Важно отметить вторичность, производность и в этом плане слабость, дефицитность значений общезначимого и универсального в описываемой конструкции и в социальном порядке нынешней российской жизни. О ее фрагментированности, раздробленности и разгороженности писалось не раз [114]Если говорить в социологических категориях, речь идет о преобладании в социуме, более того, о коллективном диктате в нем сугубо партикуляристских отношений — замкнутых, персональных, непосредственных контактов между ближайшими родственниками. В качестве образца здесь выступают одномерные (горизонтальные) связи между «такими же». Именно они представляются россиянам сегодня единственной областью коллективного существования, которую они все-таки контролируют, в которой преобладают доверительные отношения и где можно что-то сделать, на что-то повлиять.

В таком закрытом и сегрегированном социуме повышенным значением наделяются барьеры и перегородки, а тем самым поддерживается недостижительность ориентаций и мотивов поведения, социально сконструированная пассивность. Подобное состояние (неправильно называть его поддержкой или одобрением) входит в виды нынешней российской власти, учитывается ею в технологии управления, рассматривается как принципиально неограниченный ресурс собственного существования. Но и само население относит данную характеристику к основополагающим чертам российского человека и коллективной жизни в России как «особой», «нашей». Неслучайно в представлениях об особенностях российского народа первое место, по данным опросов «Левада-центра», на редкость устойчиво занимает «терпеливость» — на нее указали 53 % опрошенных в 1998 и 2008 годах, что в полтора раза превышает значимость других, даже самых признанных черт коллективного автопортрета («душевность», «привычка довольствоваться малым», «преобладание духовных ценностей над материальными»).

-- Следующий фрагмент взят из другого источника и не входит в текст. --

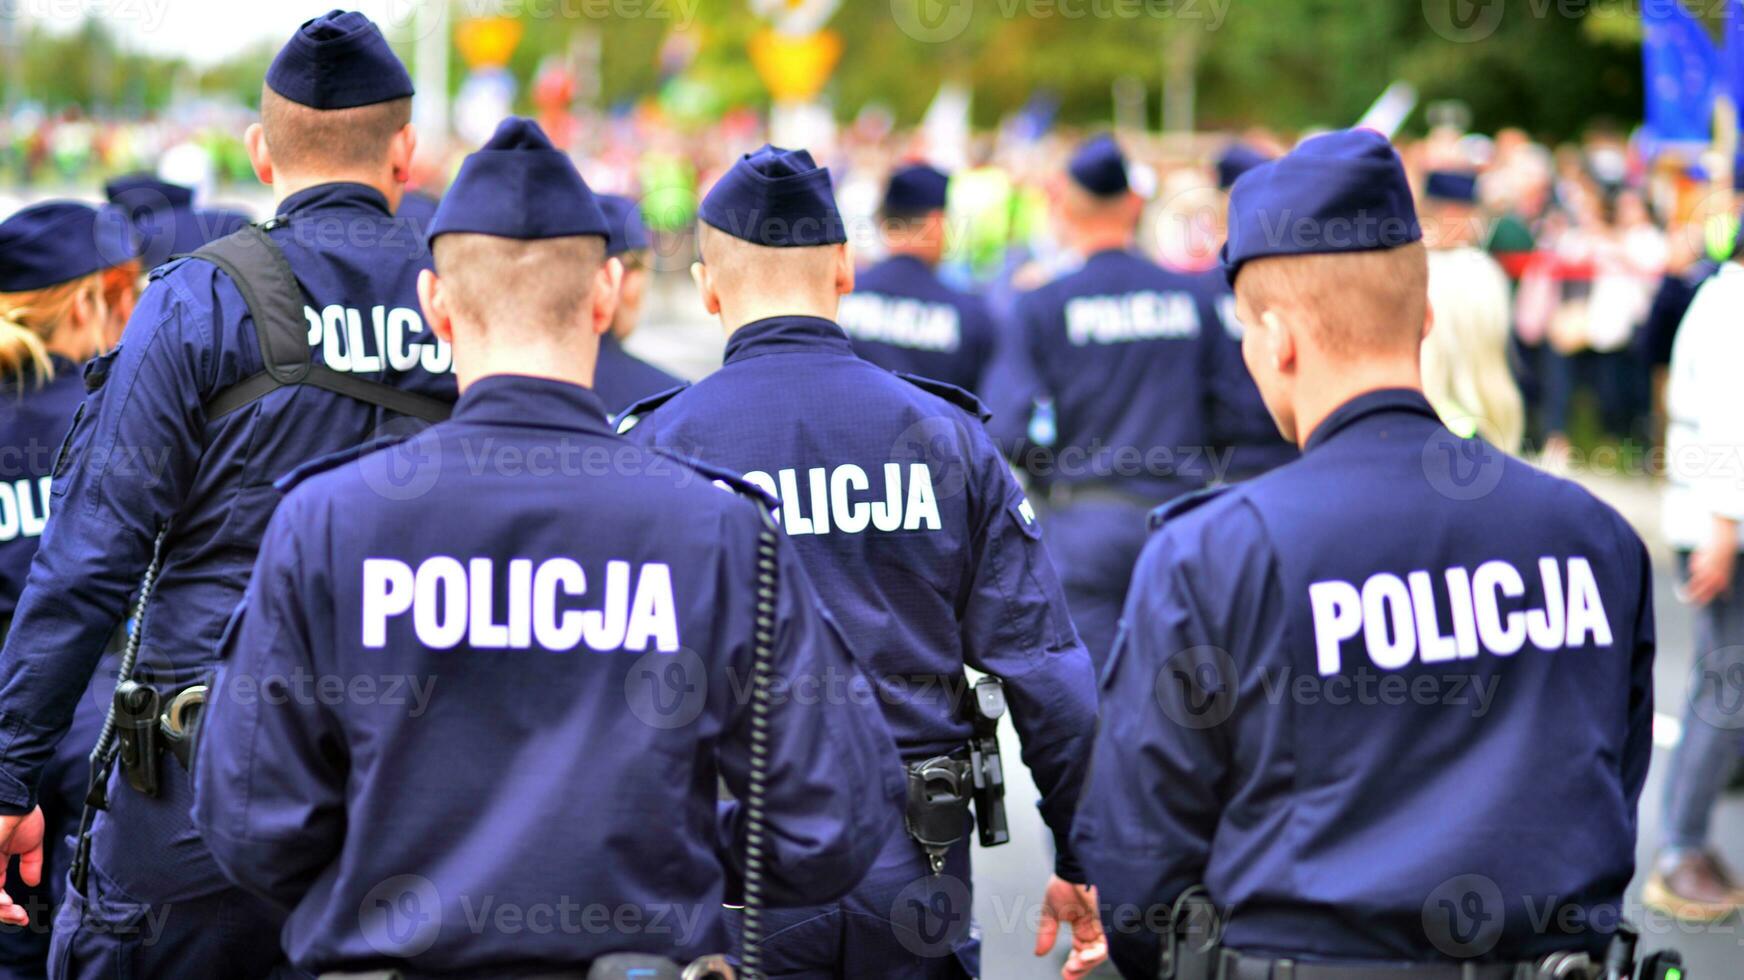 Police sign - logo on the back of the police uniform. Policja. photo

Подчеркивание и позитивная оценка параметров сходства и горизонтальных связей в коллективных образах «нас» подразумевает преобладающее неприятие социальных и культурных различий. В этих последних видятся не симптомы разнообразия, соответственно — знак и ресурс общего богатства возможностей, залог динамичности общества. Напротив, они трактуются как неравенство и несправедливость, поскольку за ними усматриваются претензии на превосходство, неправомерные со стороны «таких же» (главенство — и то с подозрительностью и постоянным недовольством — допускается носителями подобных представлений лишь для власти). Давление привычки, привычного работает как инструмент социального нивелирования. Отсюда — навязчивые для коллективного сознания россиян (как низов, так и верхов) наваждения рухнувших перегородок, кошмарные картины хаоса, «жупел „вседозволенности“» и т. п. [Левада 2006: 312]. Таков еще один «внутренний», встроенный в конструкцию социального мира и коллективного сознания ингибитор или блокатор каких бы то ни было перемен. С его помощью как сверху, так и снизу консервируется состояние атомизированности всех в качестве одинаковых и пассивных — состояние, можно сказать, «рассеянной массы» [115]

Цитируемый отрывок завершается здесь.